Green Infrastructure may include geodiversity objectives.[33]

In the United States[edit]

Alley renovated with permeable paving located in Chicago, Illinois.

Green infrastructure programs managed by EPA and partner organizations are intended to improve water quality generally through more extensive management of stormwater runoff. The practices are expected to reduce stress on traditional water drainage infrastructure--storm sewers and combined sewers—which are typically extensive networks of underground pipes and/or surface water channels in U.S. cities, towns and suburban areas. Improved stormwater management is expected to reduce the frequency of combined sewer overflows and sanitary sewer overflows, reduce the impacts of urban flooding, and provide other environmental benefits.[34][35]

For example, the City of Philadelphia has installed or supported a variety of retrofit projects in neighborhoods throughout the city. Installed improvements include:

Some of these facilities reduce the volume of runoff entering the city's aging combined sewer system, and thereby reduce the extent of system overflows during rainstorms.[36]

Another U.S. example is the State of Maryland's promotion of a program called GreenPrint. GreenPrint Maryland is the first web-enabled map in the nation that shows the relative ecological importance of every parcel of land in the state.

Combining color-coded maps, information layers, and aerial photography with public openness and transparency, Greenprint Maryland applies the best environmental science and Geographic Information Systems (GIS) to the urgent work of preserving and protecting environmentally critical lands. A valuable new tool not only for making land conservation decisions today, but for building a broader and better informed public consensus for sustainable growth and land preservation decisions into the future.

The program was established in 2001 with the objective to “preserve an extensive, intertwined network of land vital to the long term survival of our native plants and wildlife and industries dependent on clean environment and abundant natural resources.”[37]

In April 2011, EPA announced the Strategic Agenda to Protect Waters and Build More Livable Communities through Green Infrastructure and the selection of the first ten communities to be green infrastructure partners.[38][39] The communities selected were: Austin, TX; Chelsea, MA; the Northeast Ohio Regional Sewer District (Cleveland, OH); the City and County of Denver, CO; Jacksonville, FL; Kansas City, MO; Los Angeles, CA; Puyallup, WA; Onondaga County and the City of Syracuse, NY; and Washington, DC.[40]

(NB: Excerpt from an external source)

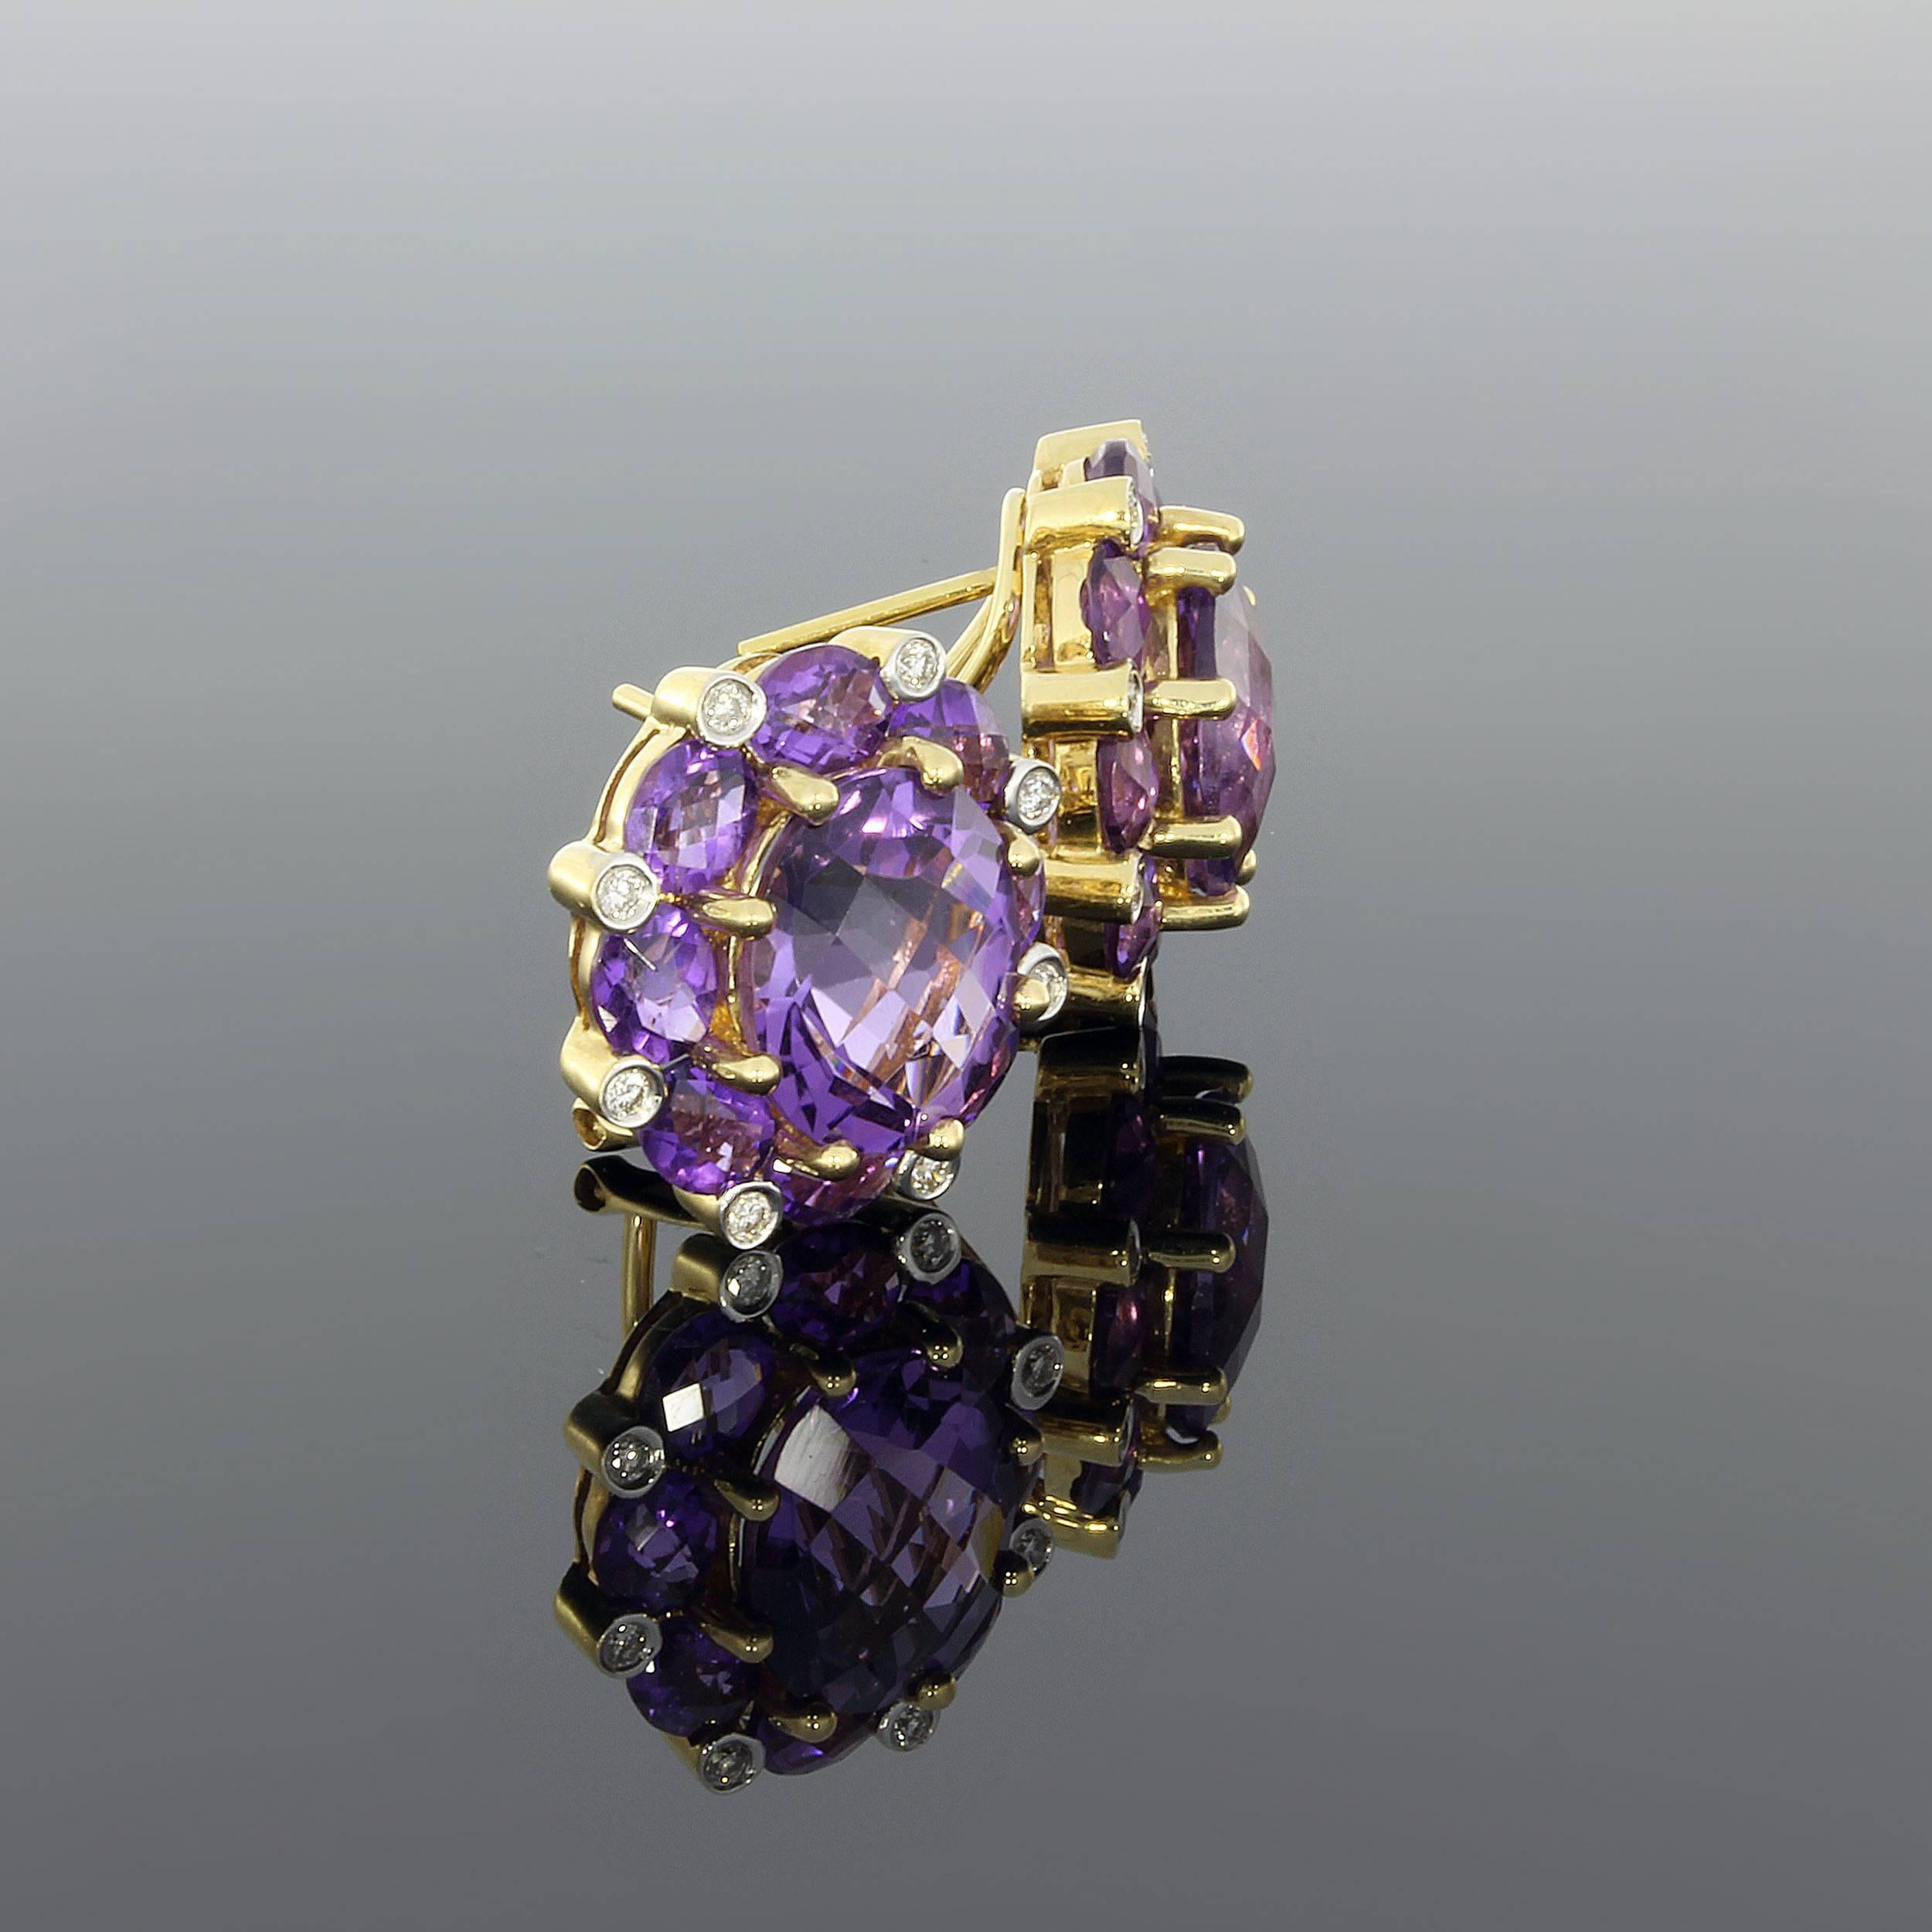 Set with 9 oval- and round shaped amethyst decorated by 8 brilliant-cut bezel setting diamonds weighing 0,30 ct. Mounted in 14 K yellow gold. Weight: 12,5 grams. Measurements: 0.75 x 0.67 in ( 1,9 x 1,7 cm )

The Federal Emergency Management Agency (FEMA) is also promoting green infrastructure as a means of managing urban flooding (also known as localized flooding).[41]

In Singapore[edit]

Since 2009, two editions of the ABC (Active, Beautiful, Clean) Waters Design Guidelines have been published by the Public Utilities Board (PUB), Singapore. The latest version (2011) contains planning and design considerations for the holistic integration of drains, canals and reservoirs with the surrounding environment. PUB encourages the various stakeholders — landowners, private developers to incorporate ABC Waters design features into their developments, and the community to embrace these infrastructures for recreational & educational purposes.

The main benefits outlined in the ABC Waters Concept include:

  • Treating stormwater runoff closer to the source naturally, without the use of chemicals through the use of plants and soil media, so that cleaner water is discharged into waterways and eventually our reservoirs.
  • Enhancing biodiversity and site aesthetics.
  • Bringing people closer to water, and creating new recreational and community spaces for people to enjoy.[42]

In fragile states[edit]

A 2012 paper by the Overseas Development Institute reviewed evidence of the economic impacts of green infrastructure in fragile states.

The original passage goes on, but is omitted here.